Well she didn't need to go out to night school to be happy, she did just fine working in the feed store, with Granny there in the back room helping with the babies. Those young'uns was more'n a handful for the spry old woman, playing with their blocks back there in the big kitchen and running their little trucks around, and Lacie June already playing house with the soft dolls Granny made. In between customers Florie Mae could step back into the kitchen and hug Bobbie Lee and Lacie June and wipe their sticky hands and sit down for a minute, with the two hanging on her, and nurse the baby. She could help them with their color books and help Bobbie Lee learn his numbers and his letters. And Granny Lee was there to make the noon dinner and all, to fry up some pork and make beans and cornbread, or fry up a chicken, and always plenty left over for supper, with fresh tomatoes and greens from the garden.

Life would be just about perfect, Florie Mae thought, if Grady Coulter didn't always come nosing 'round the store. If she hadn't to be shut in the store so near Grady ever couple days. Grady knew he did that to her, he saw her blushes and confusion. Grady stopping in to buy a little of this or that, one hank of baling wire, a couple of tomato plants for his ma, he said, and then he'd stand watching her.

Not that Grady did anything, exactly.

And not that he didn't, neither, the way he looked at her.

You want to come in the back, Florie Mae? Show me where them bags of cracked corn are stacked?

No, Grady. You know as well as I do where that corn is stacked.

You want to show me, in the back there, which of them termater plants'll make the best crop, Florie Mae?

No, Grady. You know more about growing tomatoes than I door you can ask your ma. She knows all about such matters.

Well, Florie Mae, maybe tonight you'll step out in the back yard there around the sheds, and we can have us a little kiss.

Go on, Grady, get along home. I'm a growed woman with three children and I don't have time for your foolishness.
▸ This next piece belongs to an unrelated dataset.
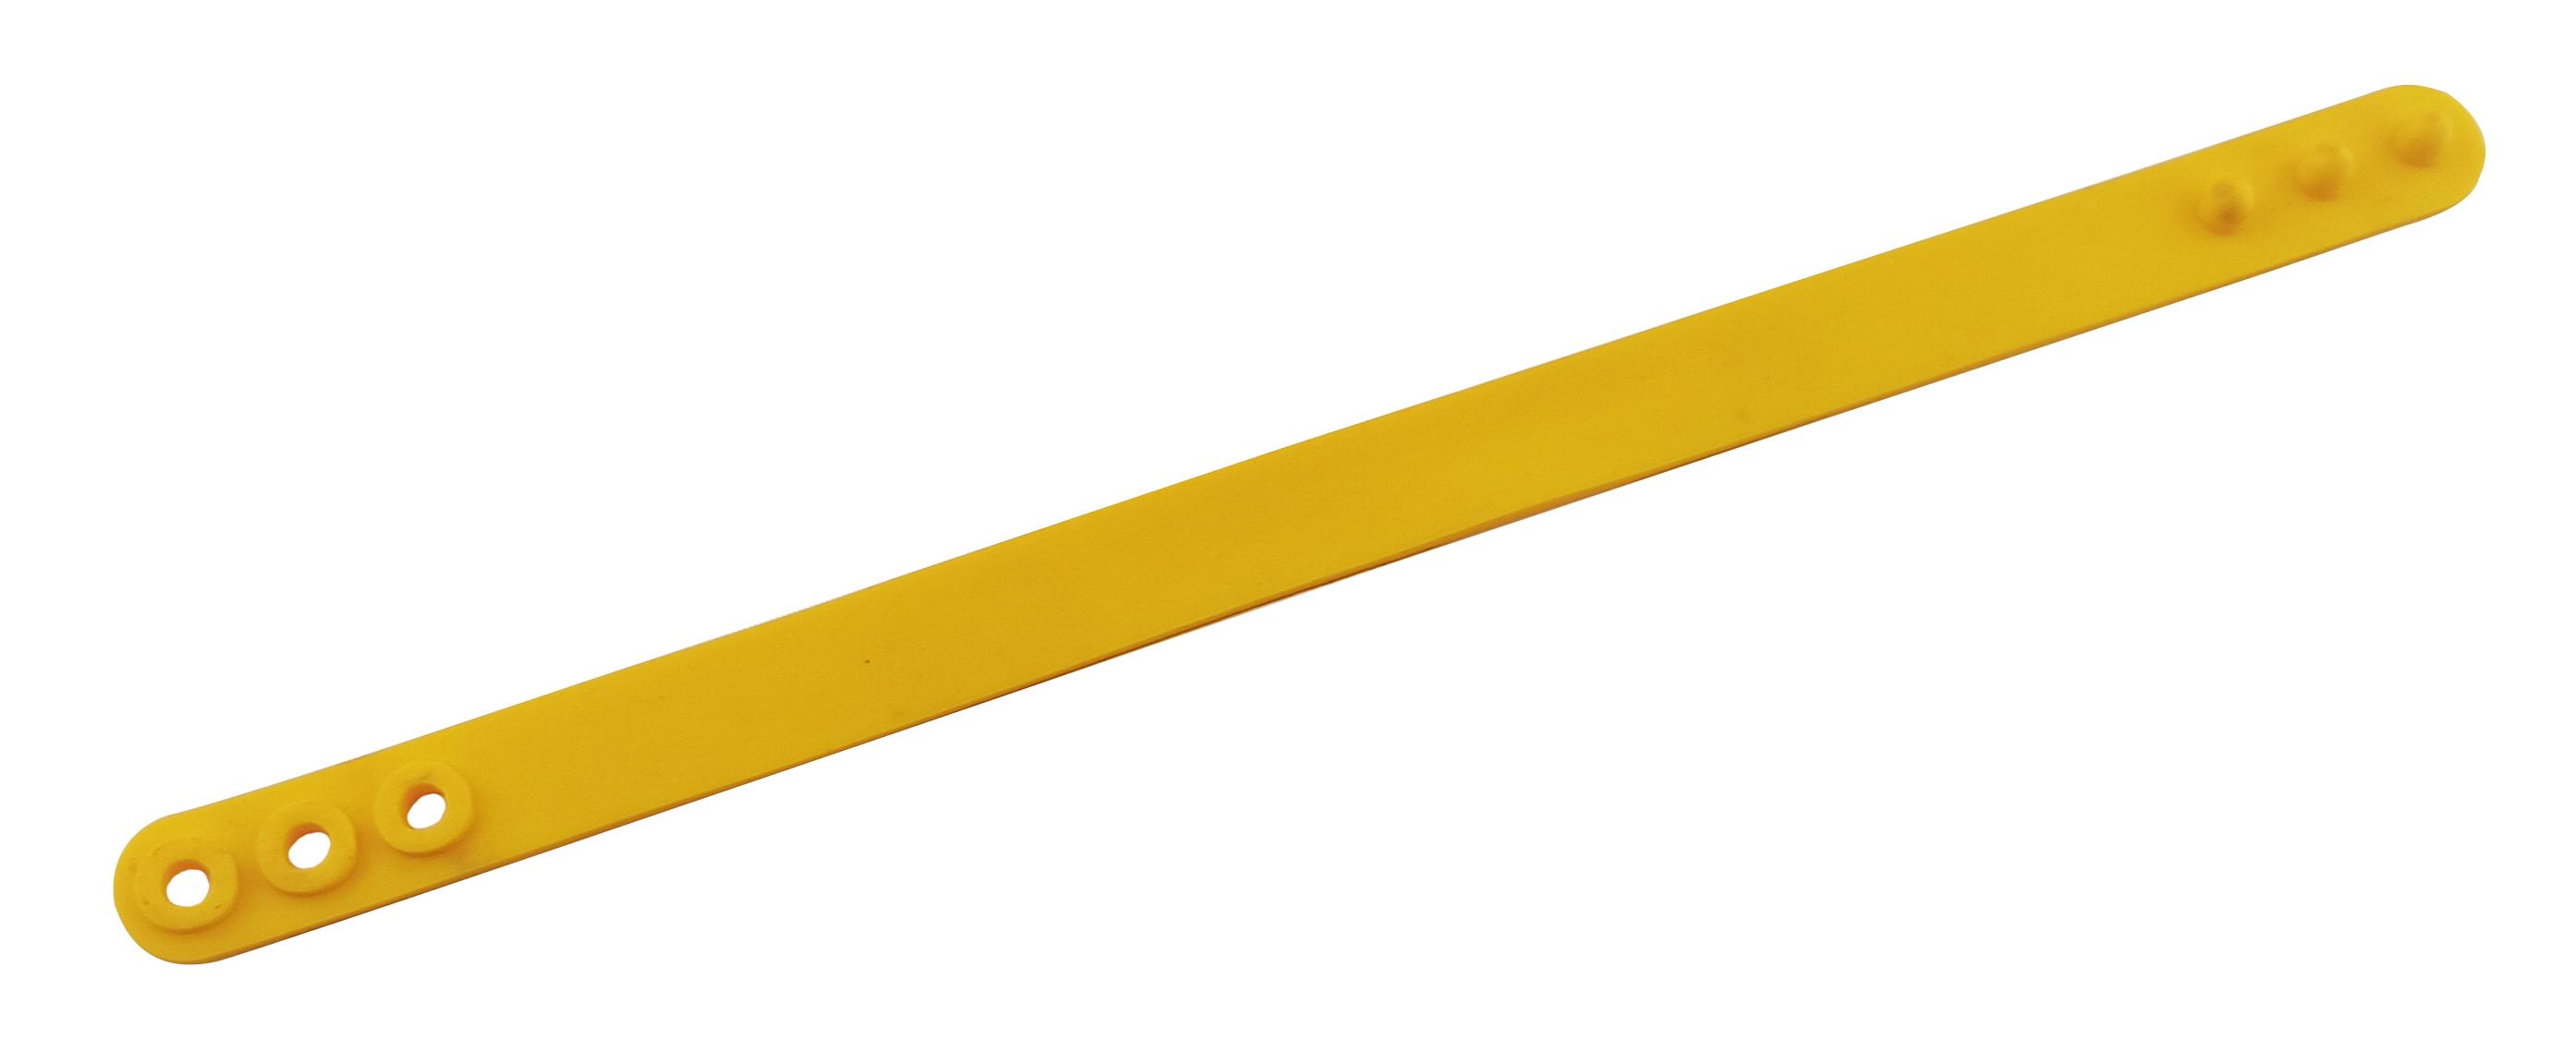 PB-01 SR PVC WRISTBAND

All right, Florie Mae, he'd say, stepping out the door and looking back at her. All right, but maybe tonight, round after supper time, I'll be out there, waitin'.

Of course he never was, nor did she expect him to be.

But she set the cat-trap early, way before dark fell.

And ever' time after Grady left the store, she had to wrestle with that hot feeling that left her addle-headed and annoyed with herself—and ashamed.

And then if she got busy with the little ones and had to wait until after dark to set the trap, had to sneak out when Granny was upstairs, she'd carry the heavy meat-pounder in her pocket that, if she'd ever hit anyone with it, would leave a waffle grid on their skull. Hurrying out in the dark with her little packet of table scraps for bait, she'd search the shadows for the tomcat. But she'd be lookin' for Grady, too. Or for anyone else who might be hanging around.